| PROVIDED DATA |
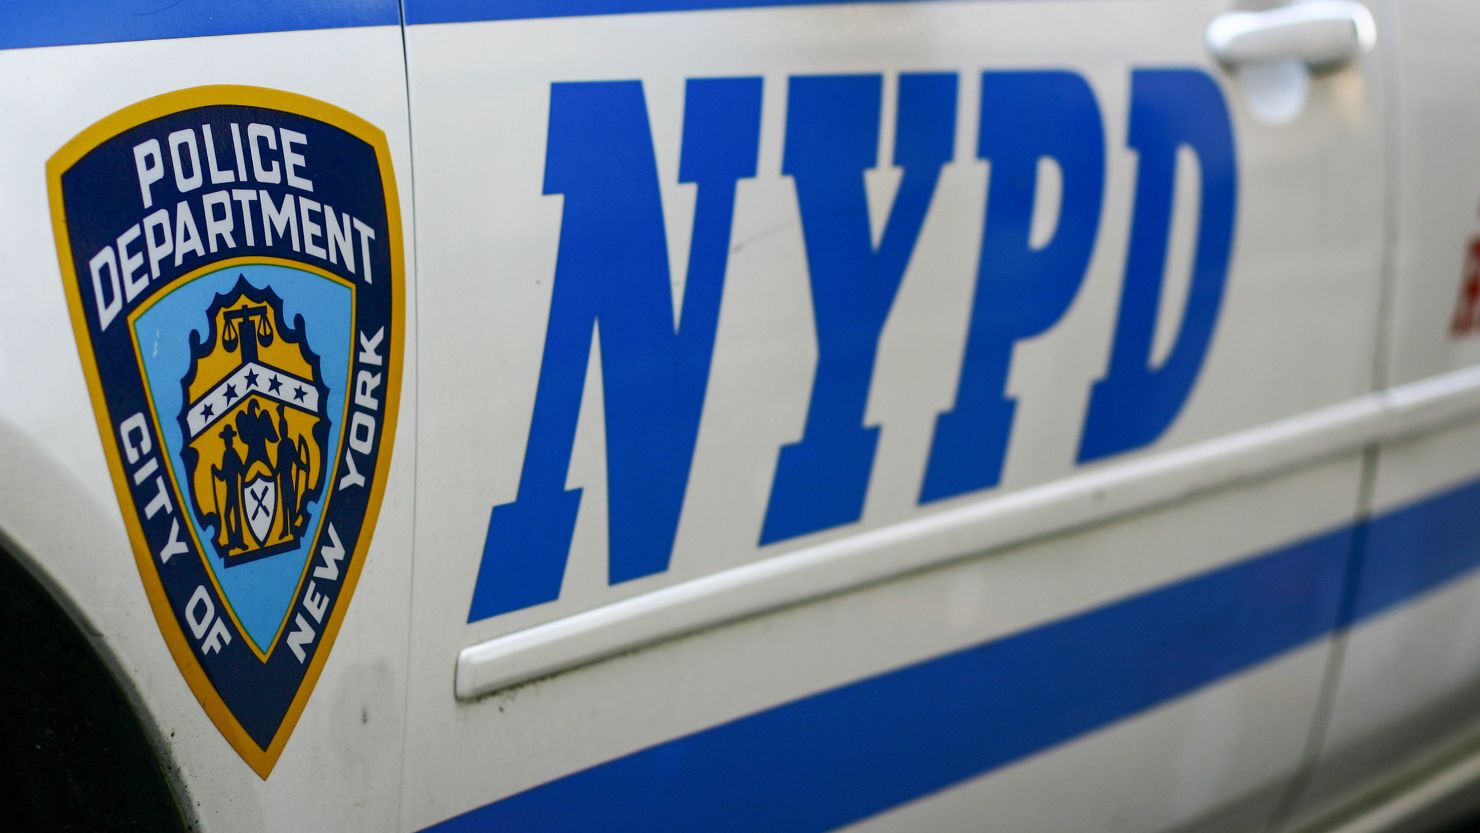 The NYPD said the officer involved has been suspended without pay.
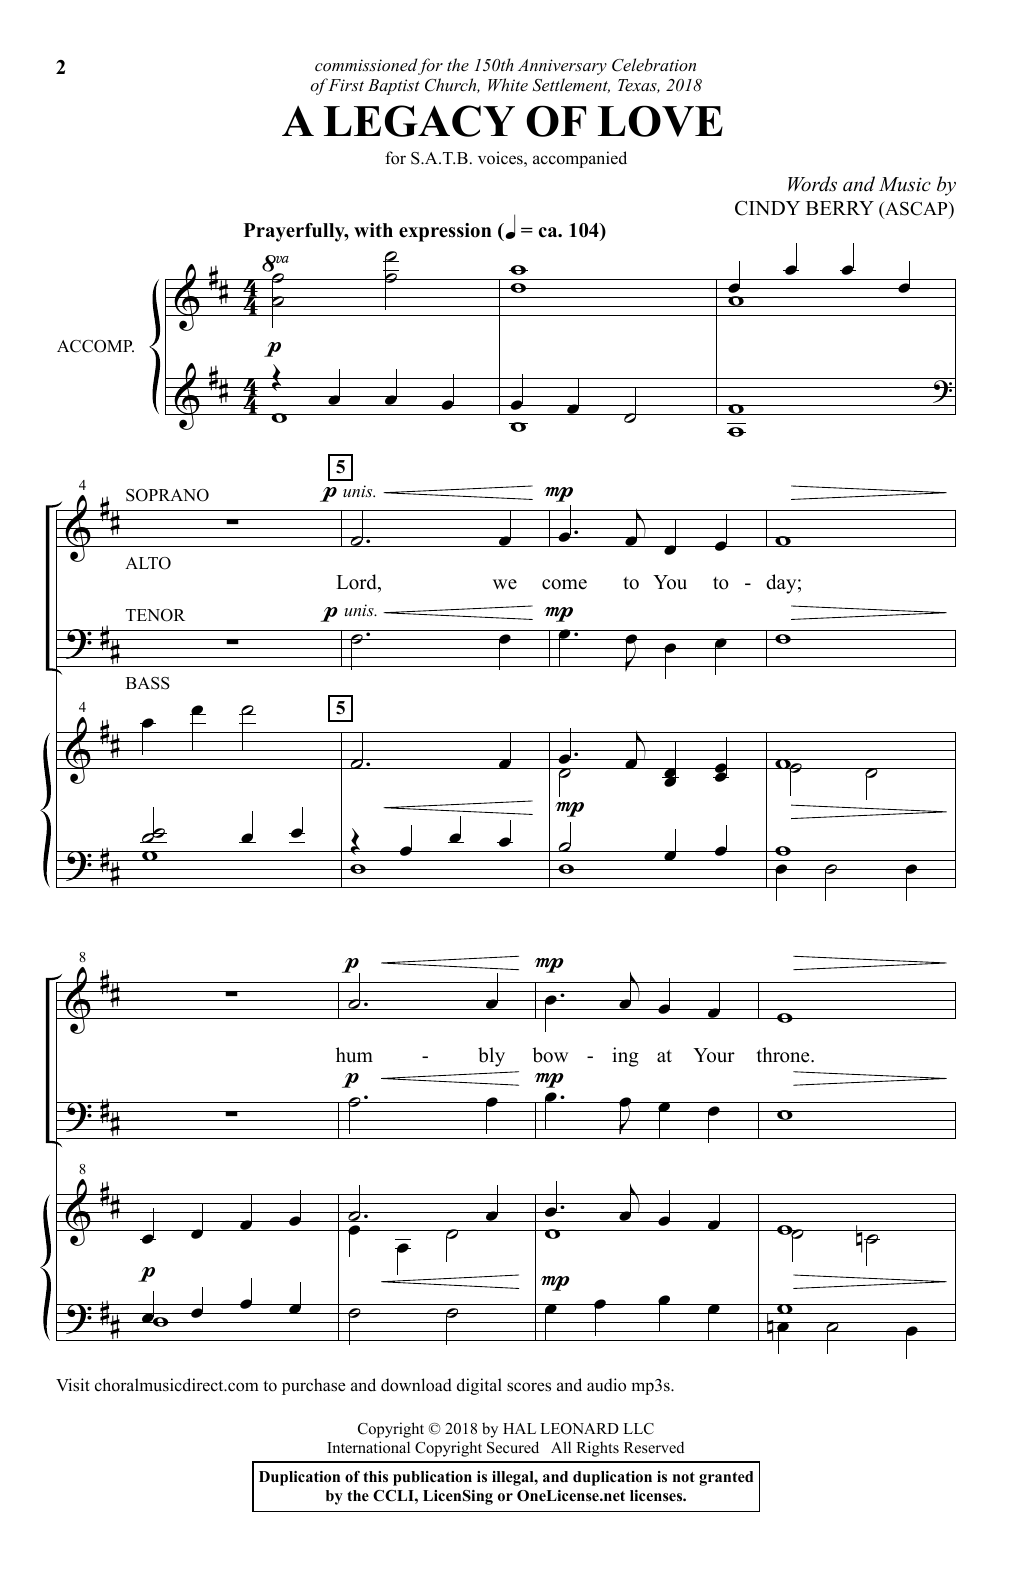 Download Cindy Berry A Legacy Of Love Sheet Music
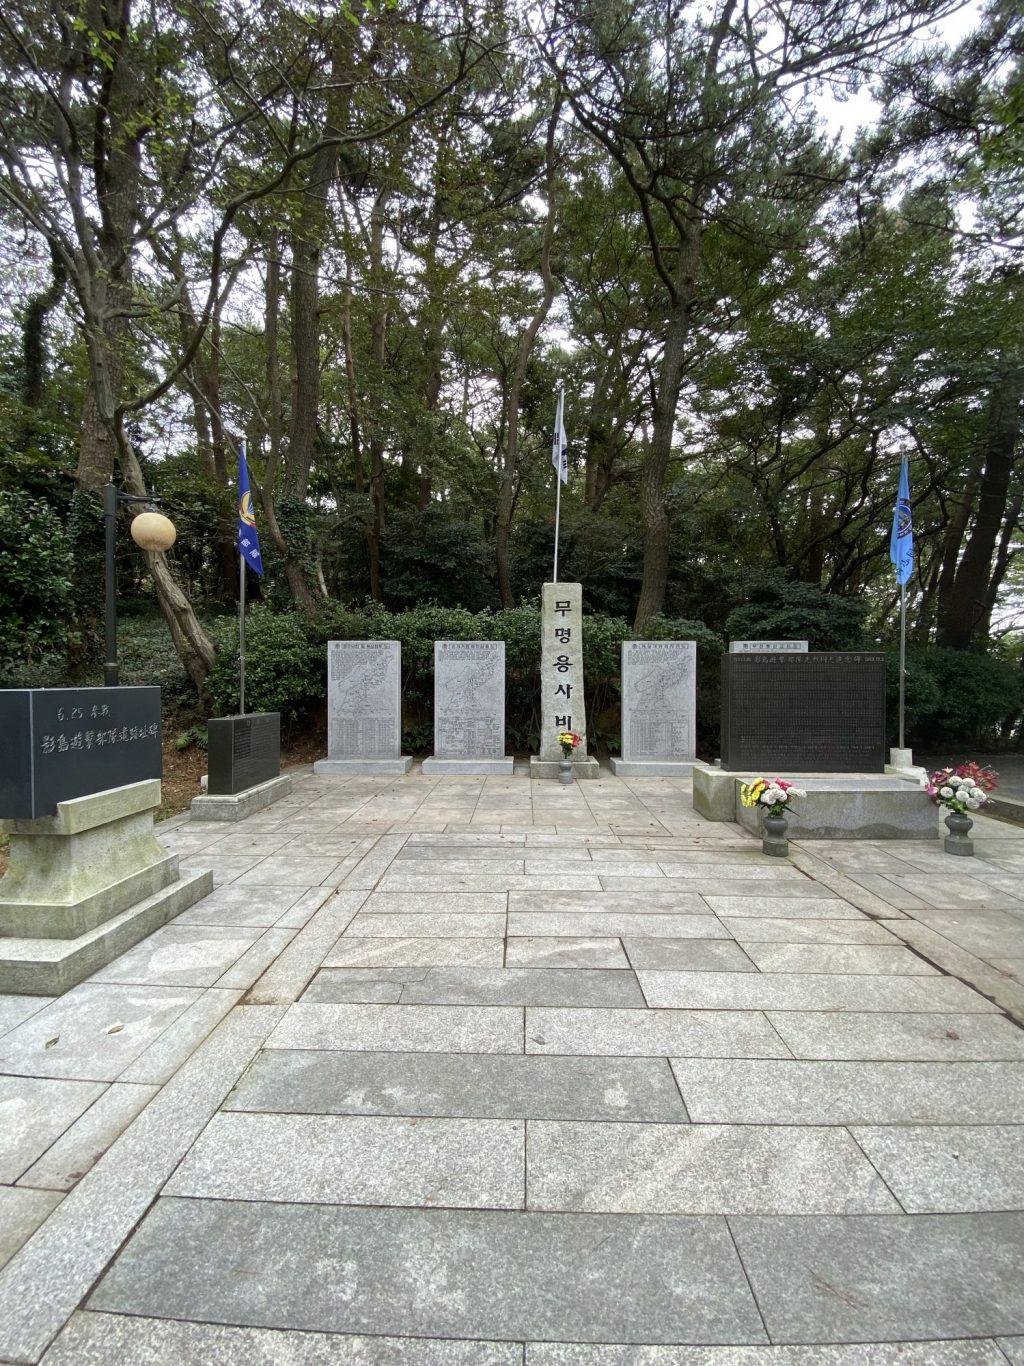 The tallest monument in the center reads "Mu-myeong-yong-sa-bi," which means unknown soldier at Taejongdae Geopark on Oct. 4. After visiting this memorial, I grew a deeper respect for the soldiers who fought for South Korea with tenacity.
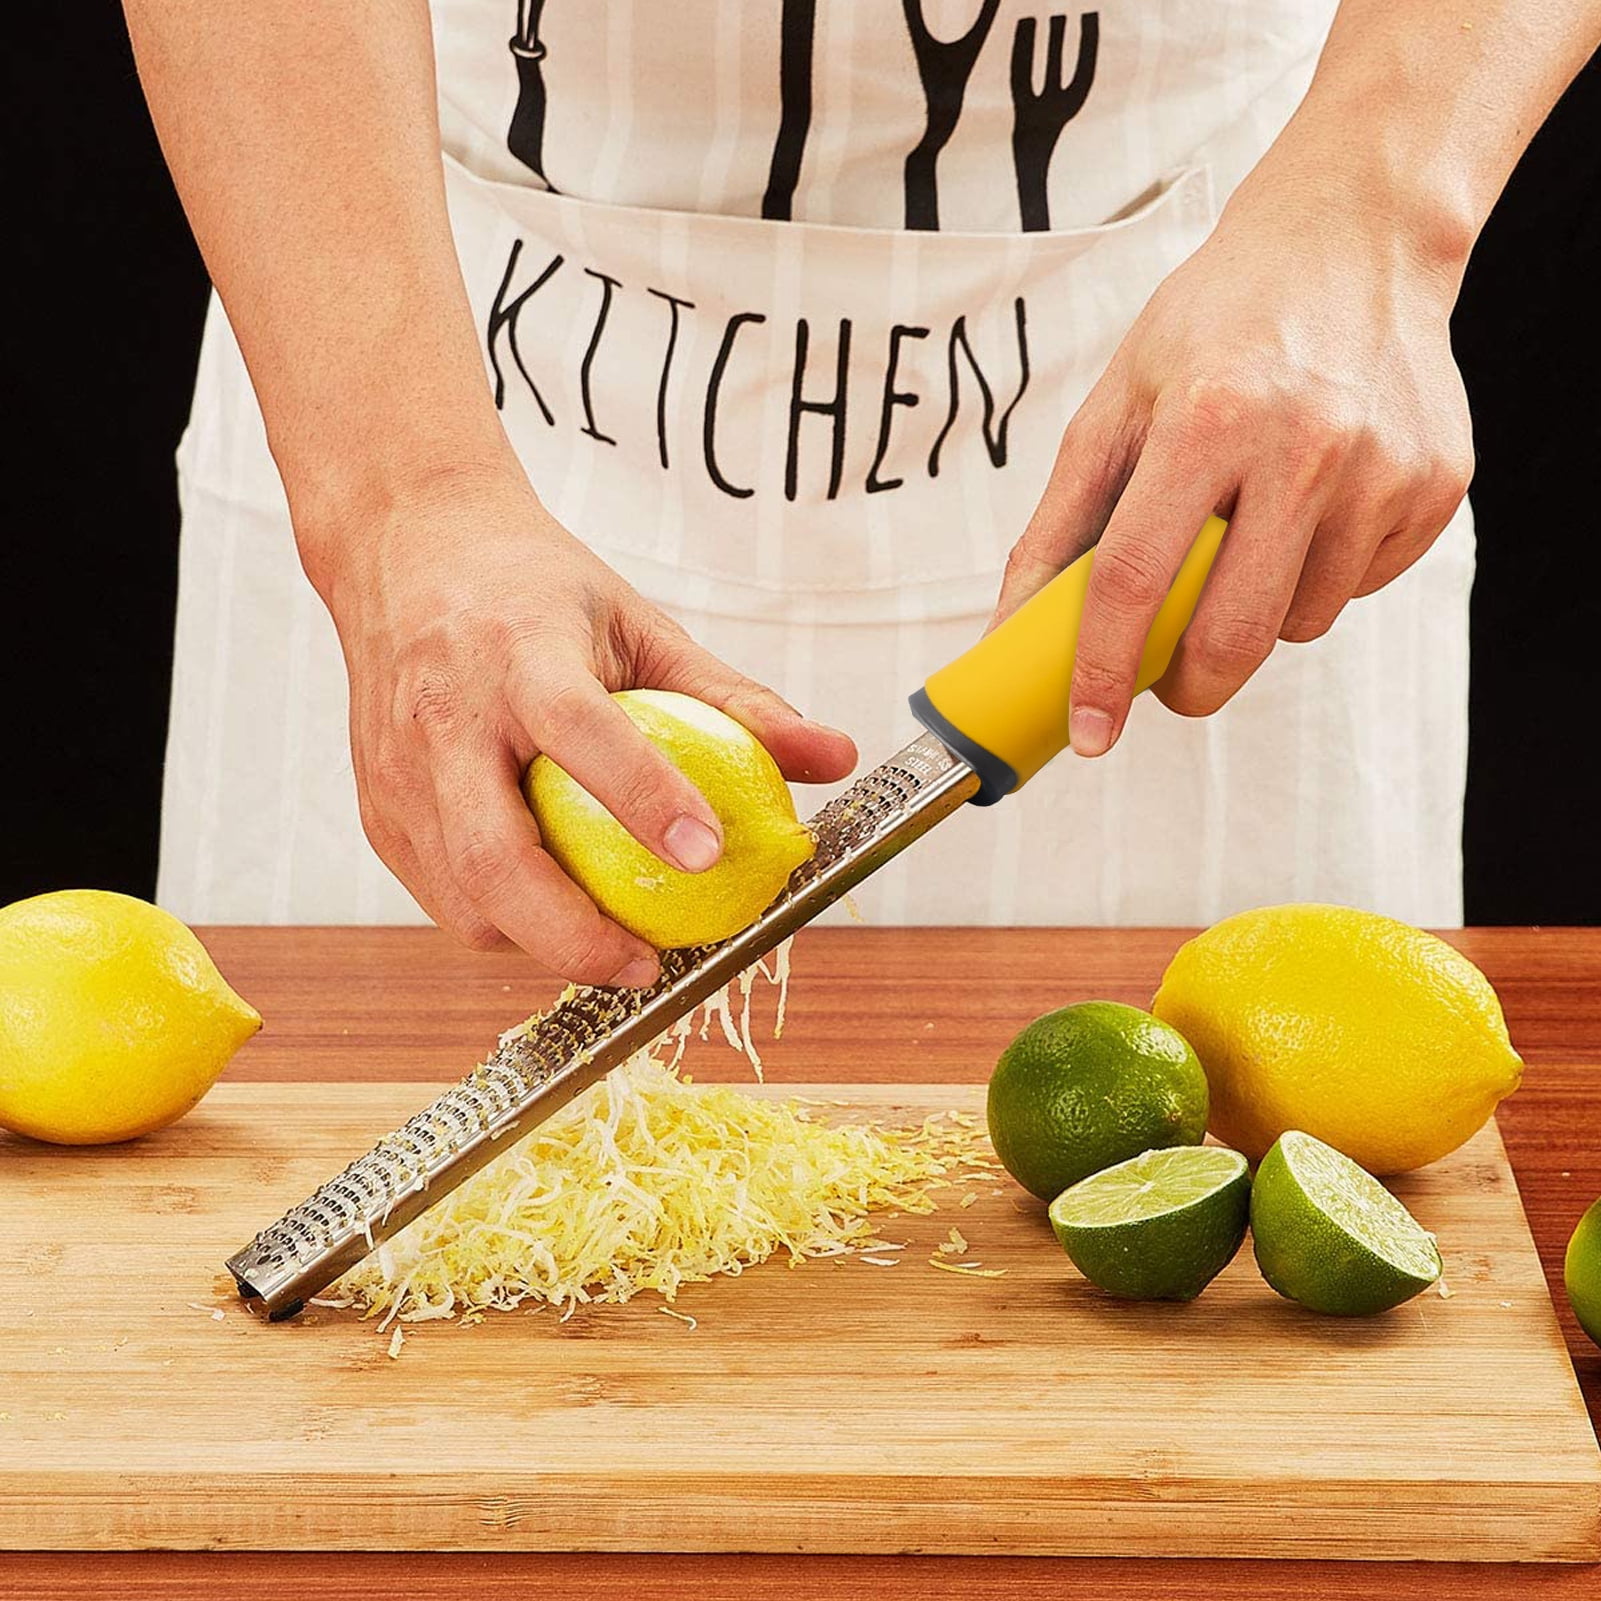 Urbanstrive Cheese Grater with Handle, Lemon Zester Graters for Kitchen Stainless Steel, Hand Grater for Ginger Garlic Nutmeg Chocolate Fruits

| WHAT YOU WILL DO |
Every line of the listing must be reproduced exactly, though the pictures are to be left out.

| WRITTEN RESPONSE |
 The NYPD said the officer involved has been suspended without pay.
 Download Cindy Berry A Legacy Of Love Sheet Music
 The tallest monument in the center reads "Mu-myeong-yong-sa-bi," which means unknown soldier at Taejongdae Geopark on Oct. 4. After visiting this memorial, I grew a deeper respect for the soldiers who fought for South Korea with tenacity.
 Urbanstrive Cheese Grater with Handle, Lemon Zester Graters for Kitchen Stainless Steel, Hand Grater for Ginger Garlic Nutmeg Chocolate Fruits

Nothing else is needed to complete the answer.